The {prefix}_deep_detected_mito.fas is the finally assembled mitochondrial genome.
The mito_cliped.fas will be in the previous level folder if "--clip" works.
Genes in the mitochondrial genome are annotated automatically and stored in the file {prefix}_hmmout_tbl_sorted.gff.

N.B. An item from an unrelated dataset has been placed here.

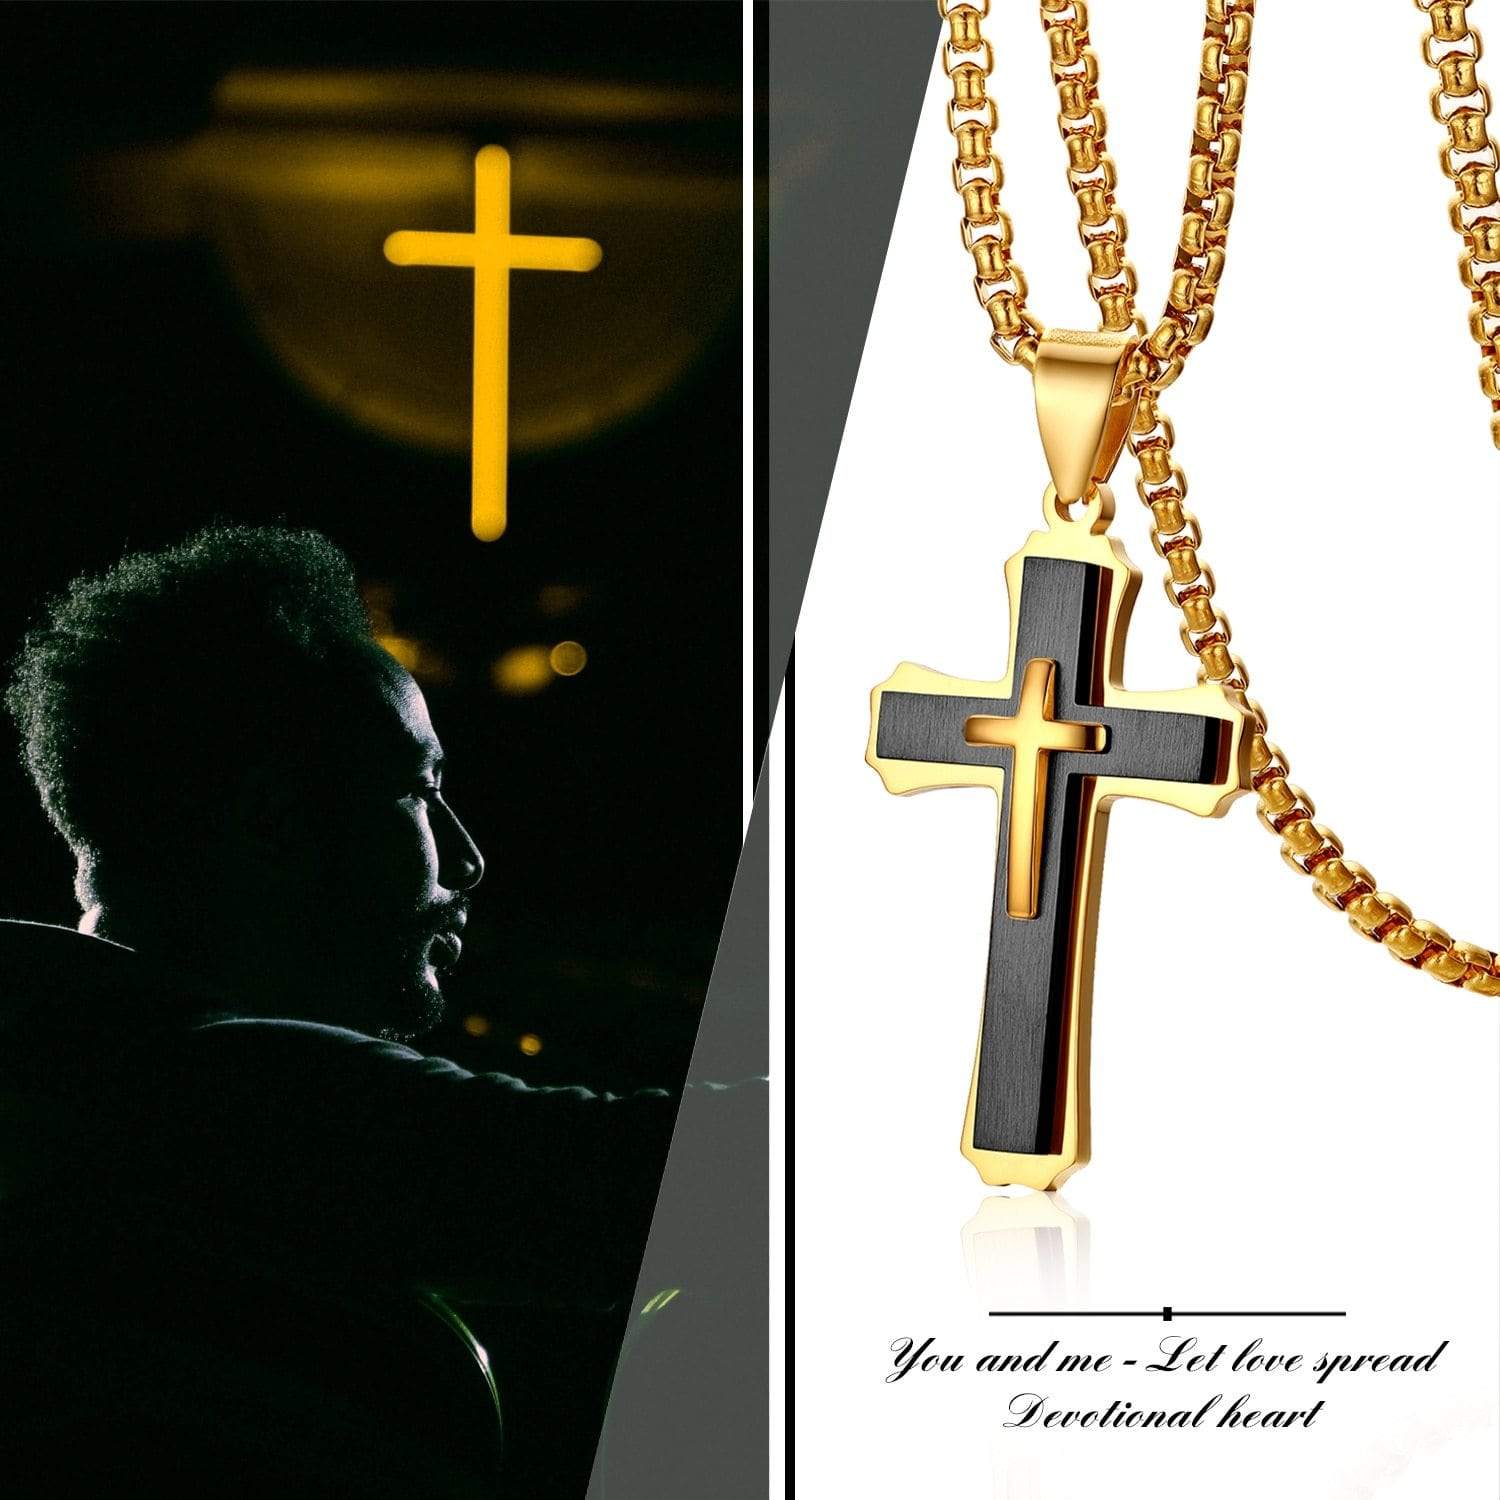 Boniskiss Stainless Steel Easter Cross Necklace - Used by God Clothing

- The argument -n (nsample) is strongly recommended to reduce runtime and memory usage. It is wise to test different numbers of "-n" to obtain a completed mitogenome.
- Supplementary information and more test results can be found here.
- Based on enough reads given, for highly repetitive regions in a mitogenome, it is easy for MEANGS to assemble it as long as several reads contain the whole repetitive region. If not, MEANGS always break the contig at here, which can help the user to know a structural anomaly.